There was a beautiful moon and everybody said it was a pity to have it wasted. So indeed it was, and everybody asked everybody else what we should do to prevent its being wasted. A few, who had made the best possible use of more moons than the rest of us, were in favor of simply sitting on the rocks and looking at the moon and the sea under it. That was really not a bad plan at all. When you sit with somebody beside you and the rest of the party not too near, on a high rock that runs far out into the water, and look at the big white moon and the soft colors of the sky around it, and then at the stretch of water, unobstructed to the horizon, with the moon's reflection broken by the waves into a million dancing sparkles, when you turn and look toward the beach, seeing the black surges rolling swiftly up to the shore and then breaking into gleaming foam, but still plunging on, like banks of tumbling snow—then indeed you can think of wonderful things and say wonderful things if you like. But perhaps you may prefer to say nothing at all, and that is a very good and pleasant way too, for at such a time it seems really not quite right to talk unless you can talk in poetry, and that is not easy to do, no matter how much you may feel like doing it.

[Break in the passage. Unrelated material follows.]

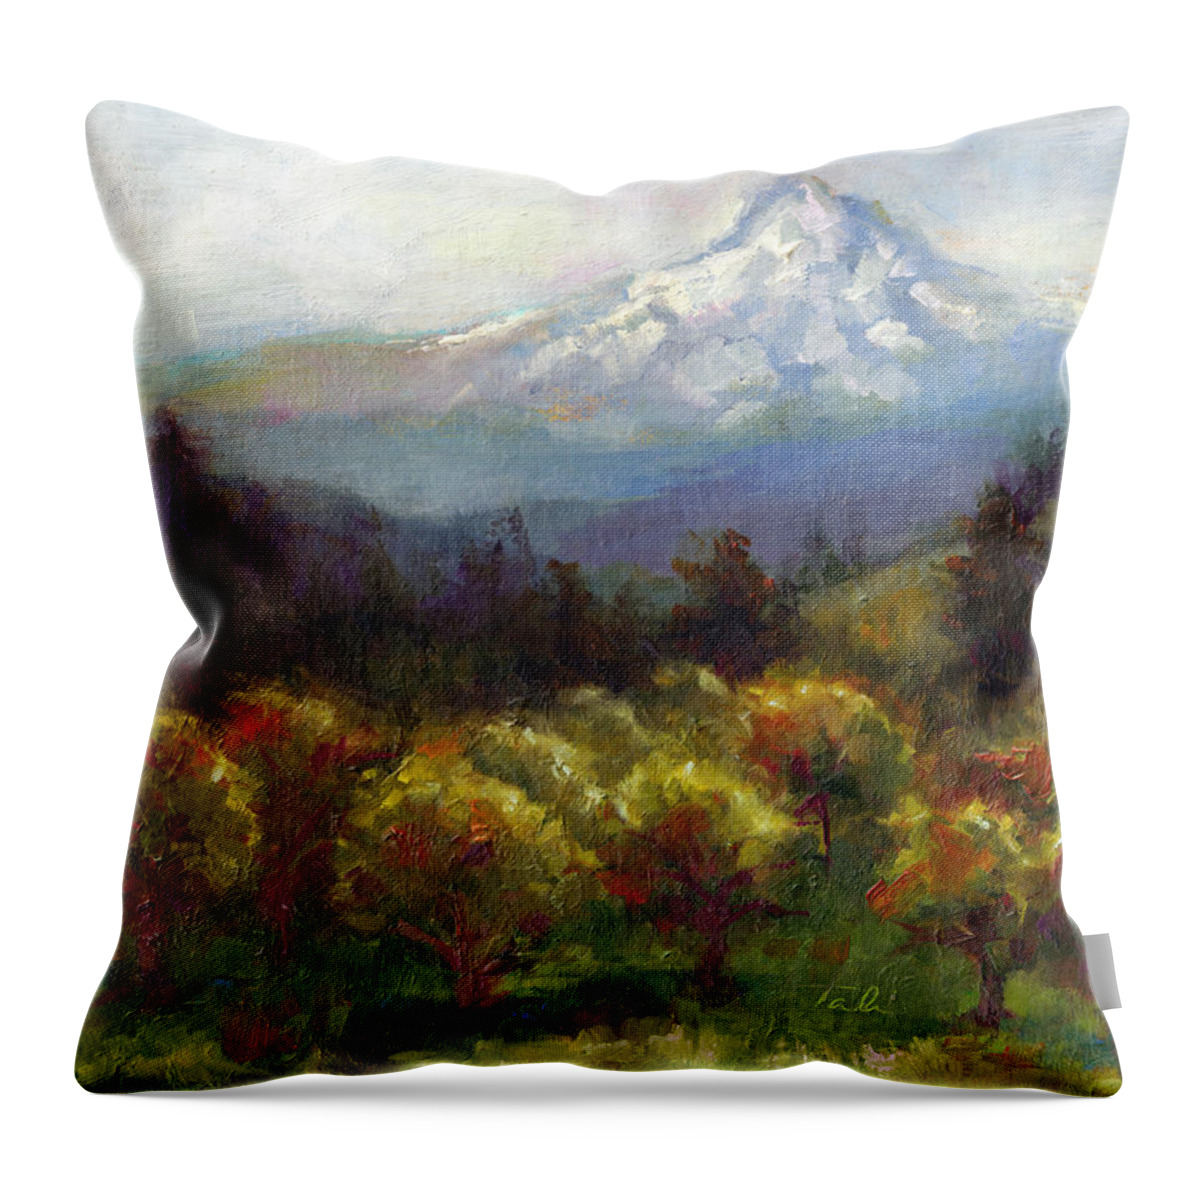 Mt. Throw Pillow featuring the painting Beyond the Orchards - Mt. Hood by Talya Johnson
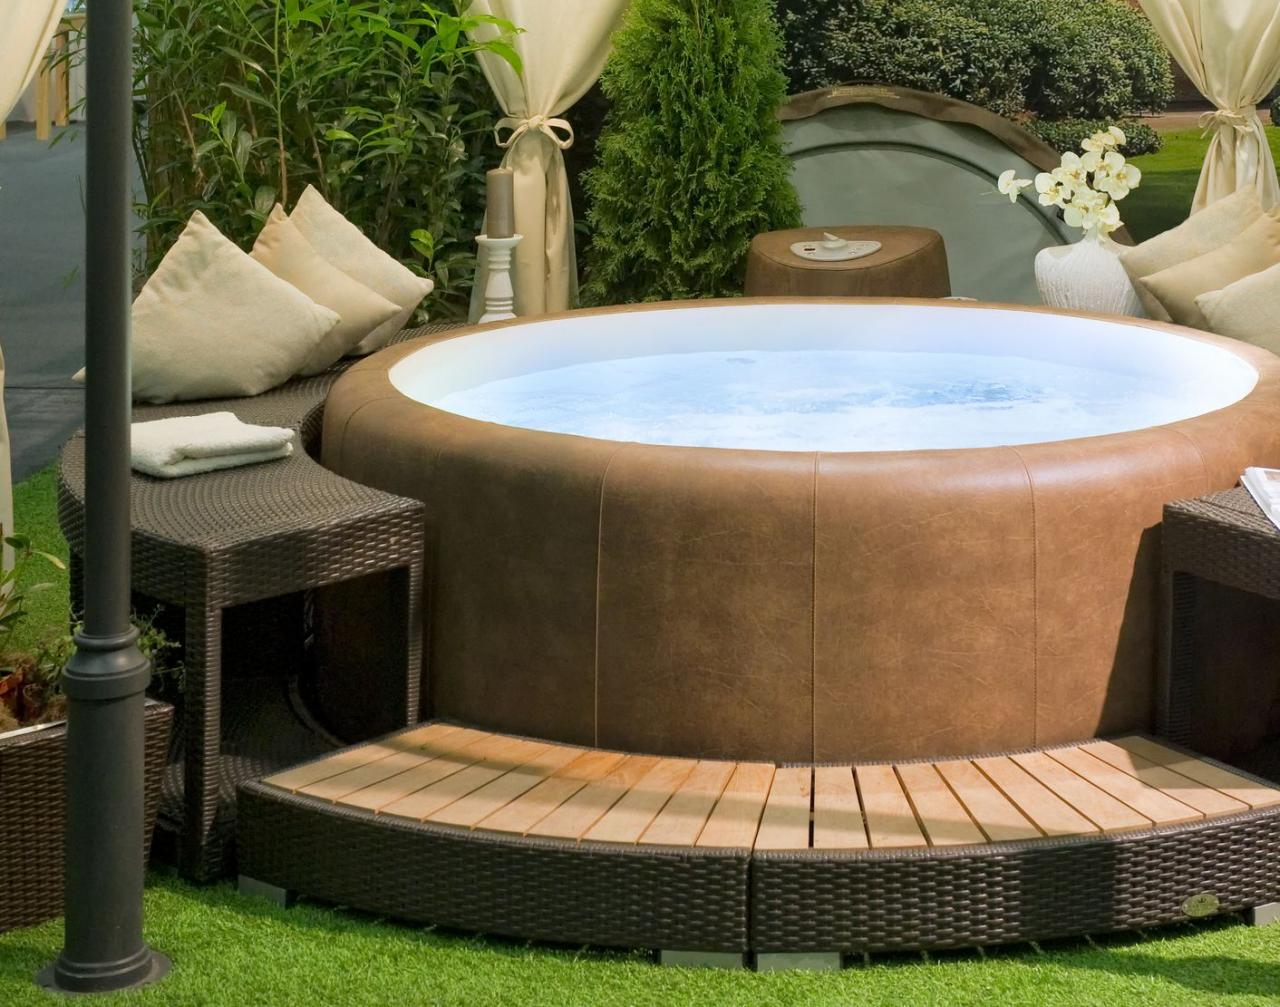 Covered hot tub in a garden

These people who had made the best of so many moons knew all this, but some of the others thought that this moon was worthy of a greater effort and a more deep-laid plan. All the things that are usually done on moonlight nights were rejected one by one. Then one of those strange persons who are always noticing things said, not at all as if he thought it had anything to do with the subject, that there was an uncommon quantity of wood scattered along the shore. Then it was decided, just because nothing better could be thought of, that there should be a bonfire down on the shore, and nothing else, except the moon. So in the forenoon the daily bathing party started for the shore a little earlier than usual, and instead of spending our extra time in lying on our backs with the sun in our eyes, in the hope of getting sunburned, we spent it in gathering wood for the fire.